Shadow files are specified by the sf=shadow-file-name parameter
on the device statement for the compressed DASD device. The shadow file name
should have spot where the shadow file number will be set. This is
either the character preceding the last period after the last slash or the
last character if there is no period. For example:
0100 3390 disks/linux1.dsk sf=shadows/linux1_*.dsk
There can be up to 8 shadow files in use at any time for an emulated dasd device. The base file is designated file[0] and the shadow files are file[1] to file[8]. The highest numbered file in use at a given time is the current file, where all writes will occur. Track reads start with the current file and proceed down until a file is found that actually contains the track image.
A shadow file contains all the changes made to the emulated dasd since it was created, until the next shadow file is created.
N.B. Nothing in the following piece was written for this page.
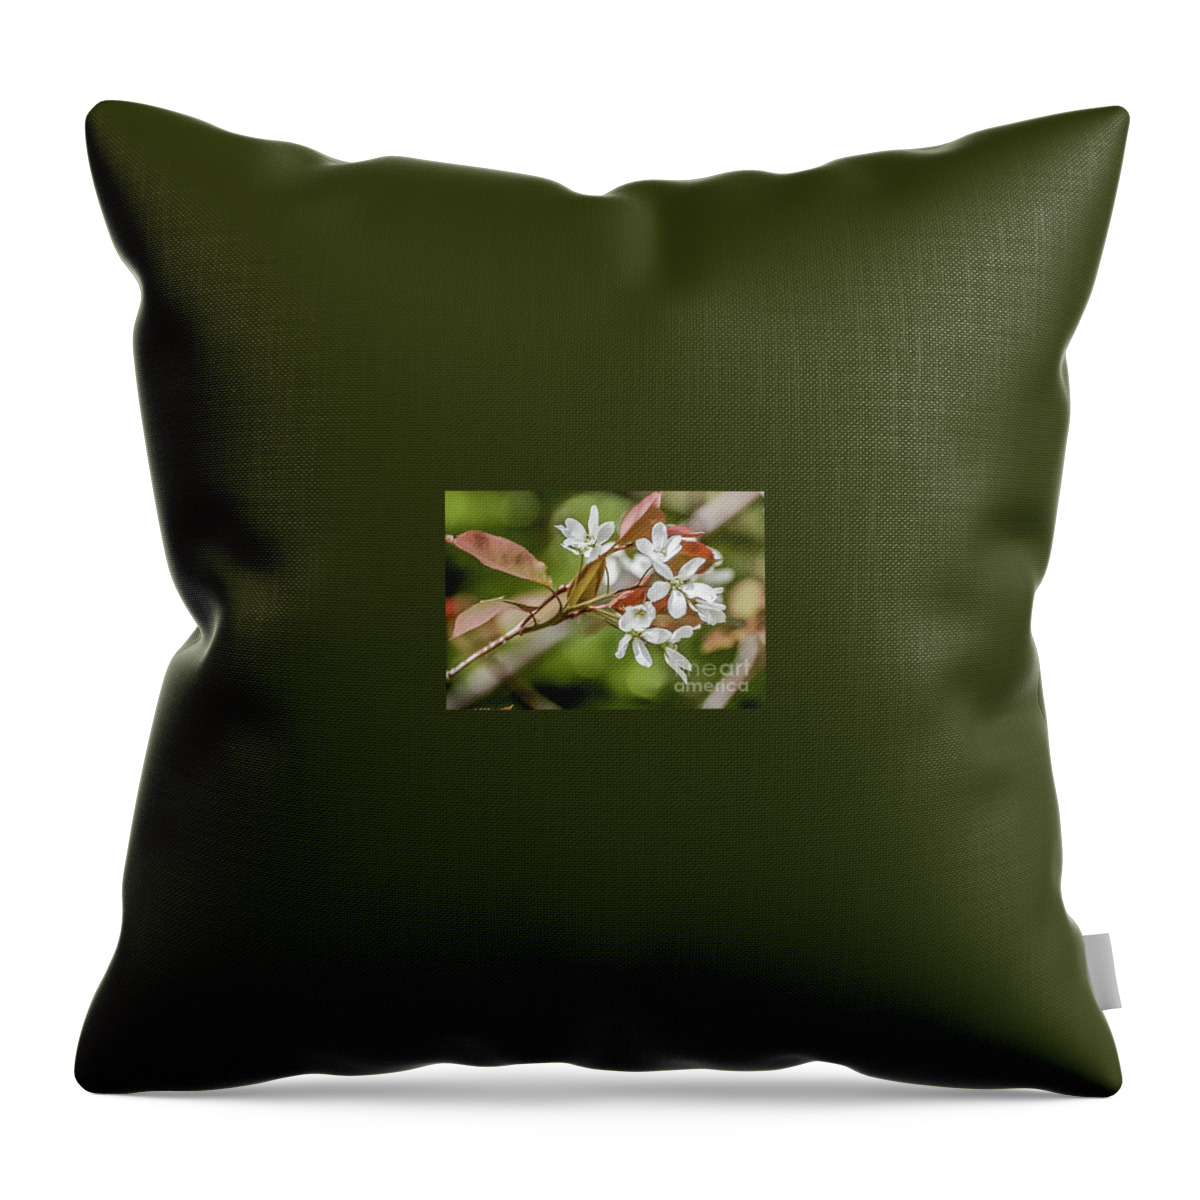 Flowers Throw Pillow featuring the photograph White Spring Flowers by Marie Fortin
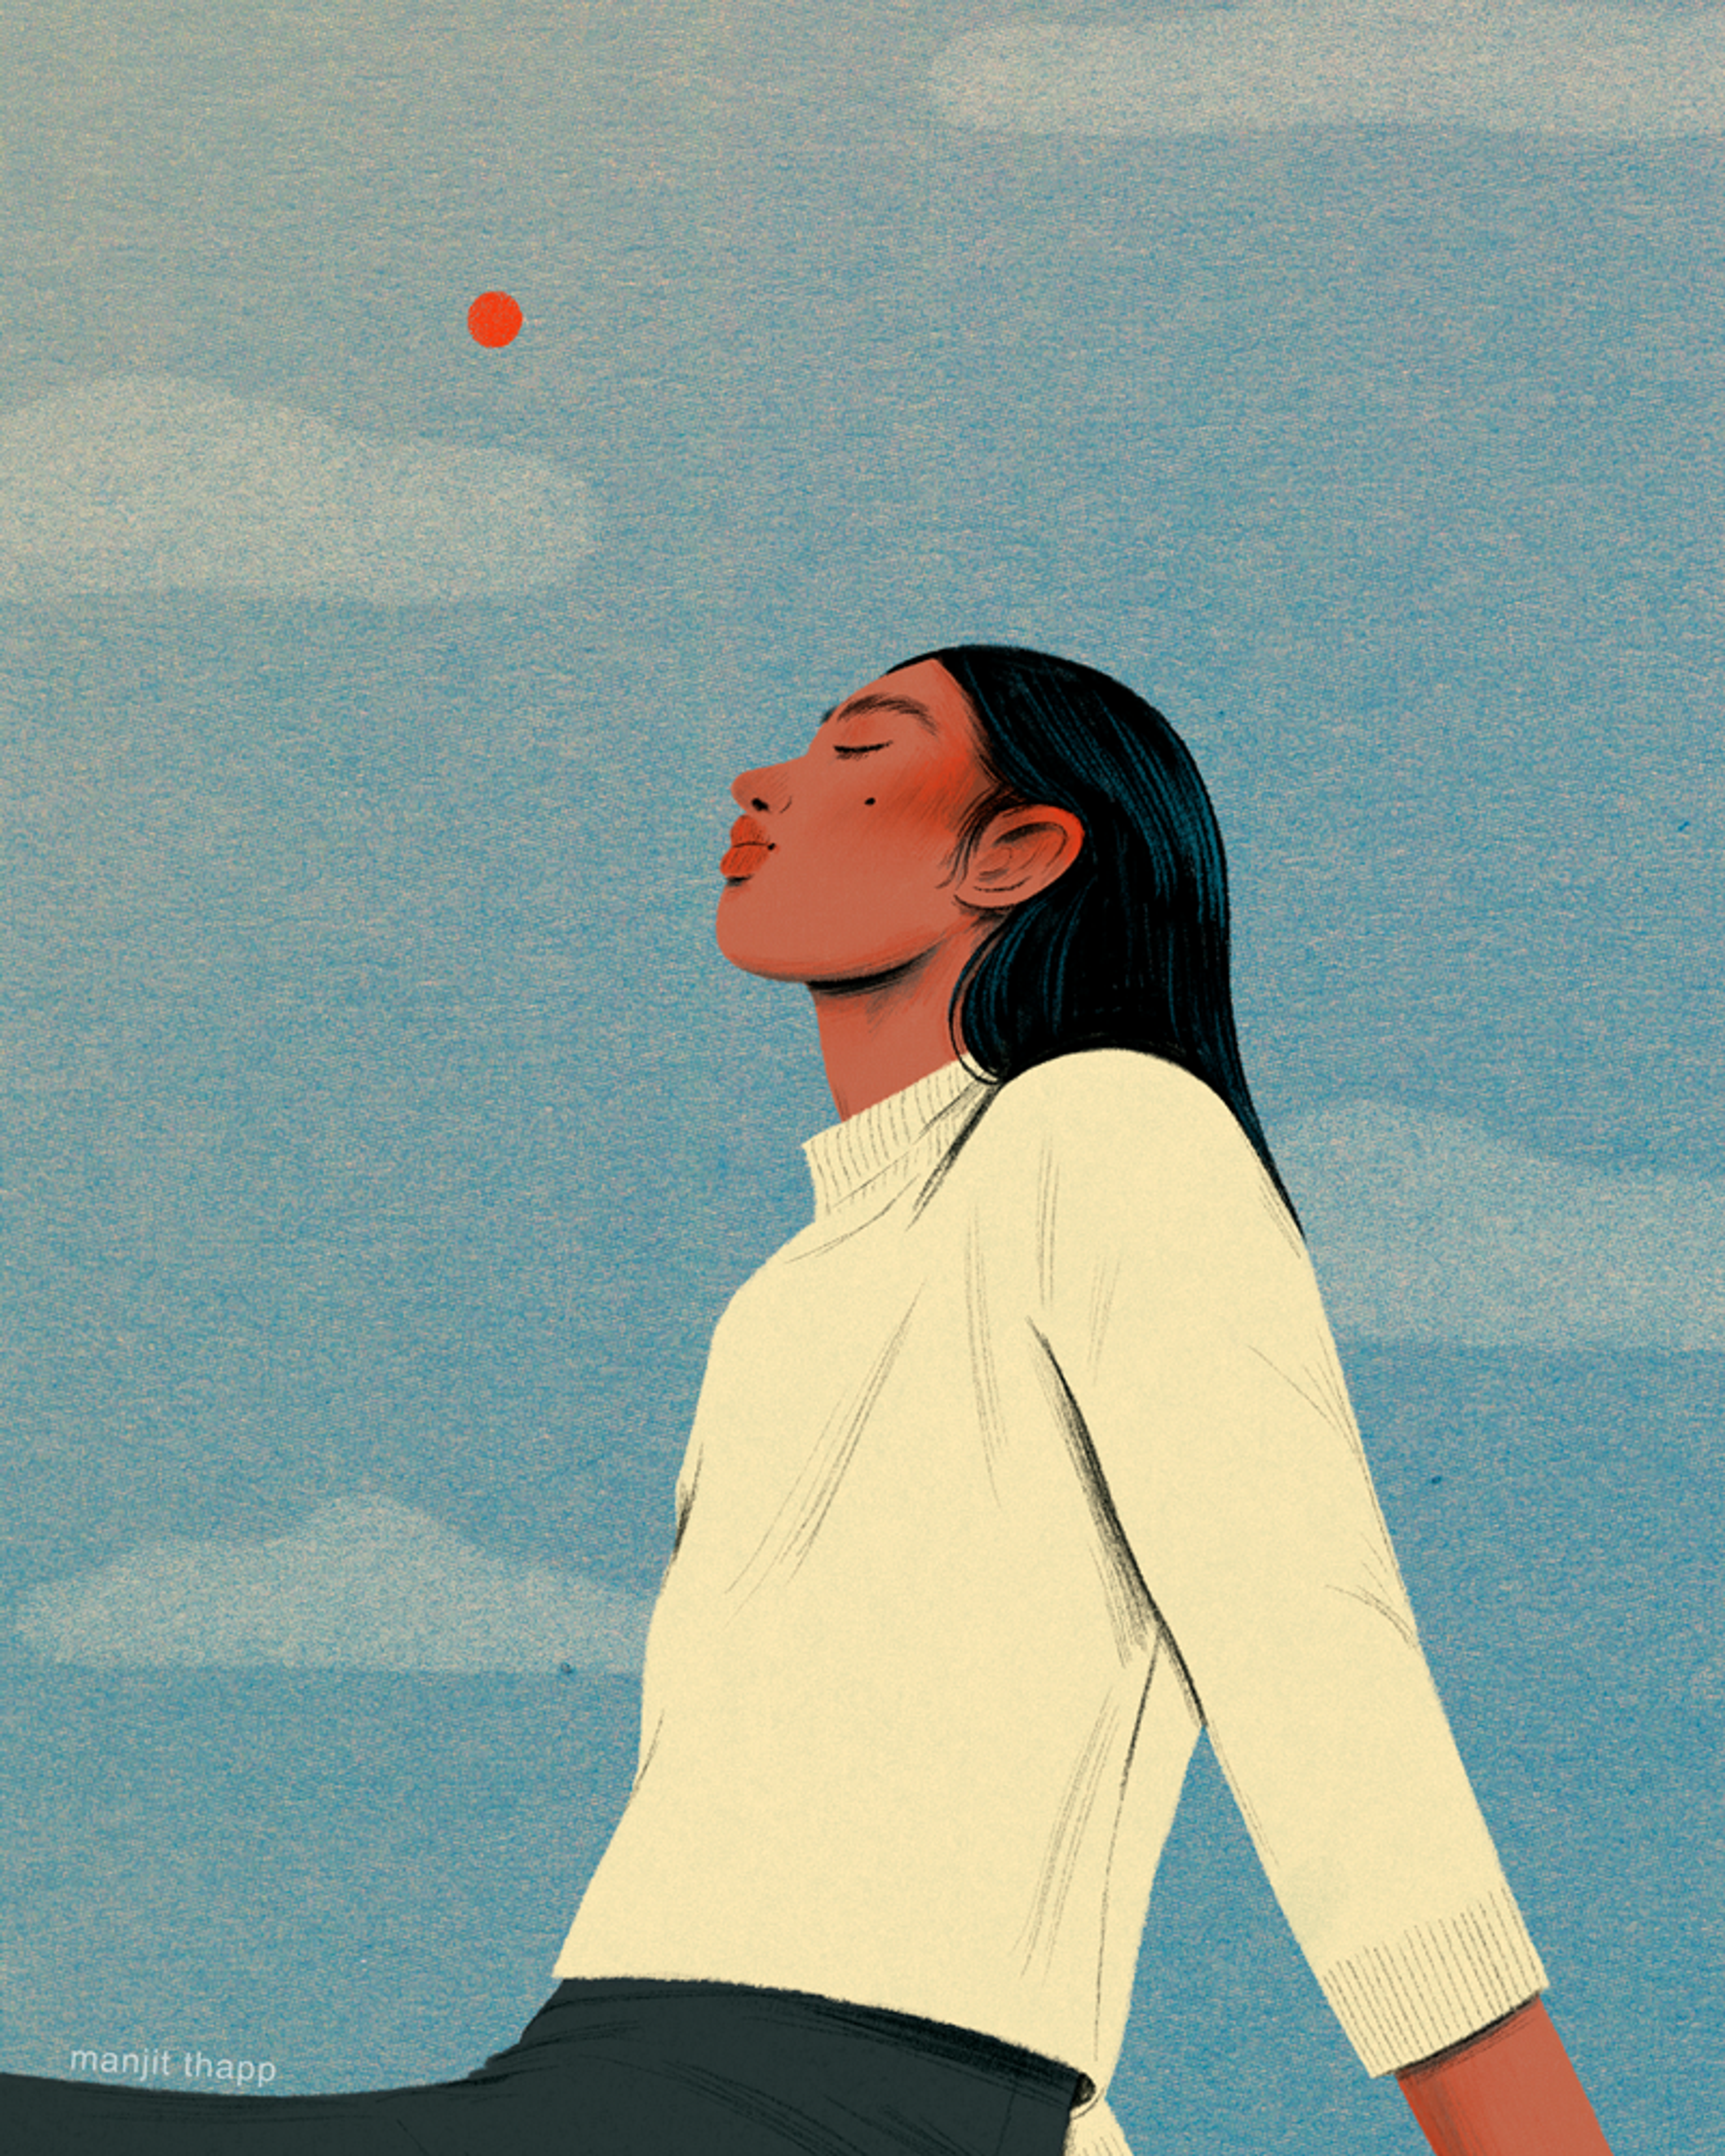 Digital illustration of a girl with dark hair peacefully sitting with her eyes closed against the backdrop of the sky with a small orange sun

The moment of the shadow file's creation can be thought of as a snapshot of the current emulated dasd at that time, because if the shadow file is later removed, then the emulated dasd reverts back to the state it was at when the snapshot was taken.
Using shadow files, you can keep the base file on a read-only device such as cdrom, or change the base file attributes to read-only, ensuring that this file can never be corrupted.
Hercules console commands are provided to add a new shadow file, remove
the current shadow file (with or without backward merge), compress the
curent shadow file, and display the shadow file status and statistics:
sf+ | unit |    Create a new shadow file | |
sf- | unit |    Remove a shadow file with backwards merge | |
sf- | unit | nomerge |    Remove a shadow file without backwards merge |
sfc | unit |    Compress the current file | |
sfd | unit |    Display shadow file status and statistics |
The first 512 bytes of a compressed DASD file contains a device header. The device header contains an eye-catcher that identifies the file type (CKD or FBA and base or shadow). The device type and file size is also specified in this header. The header is identical to the header used for uncompressed CKD files, except for the eye-catcher:
devid | heads | trksize | |||||||||||||
devt | seq | hicyl |   | ||||||||||||
reserved |
The next 512 bytes contains the compressed device header. This contains file usage information such as the amount of free space in the file:
vrm | opts | numl1 | numl2 | size | |||||||||||||
used | ->free | free | largest | ||||||||||||||
number |   | cyls |   | comp | parm | ||||||||||||
reserved |
After the compressed device header is the primary lookup table, also called the level 1 table or l1tab. Each 4 byte unsigned entry in the l1tab contains the file offset of a secondary lookup table or level 2 table or l2tab. The track or block group number being accessed divided by 256 gives the index into the l1tab. That is, each l1tab entry represents 256 tracks or block groups. The number of entries in the l1tab is dependent on the size of the emulated device:
l20 | l21 | l22 | l23 | ||||||||||||
l24 | l25 | l26 | l27 | ||||||||||||
|
|||||||||||||||
l2n-4 | l2n-3 | l2n-2 | l2n-1 |
Following the l1tab, in no particular order, are l2tabs, track or block group images, and free spaces.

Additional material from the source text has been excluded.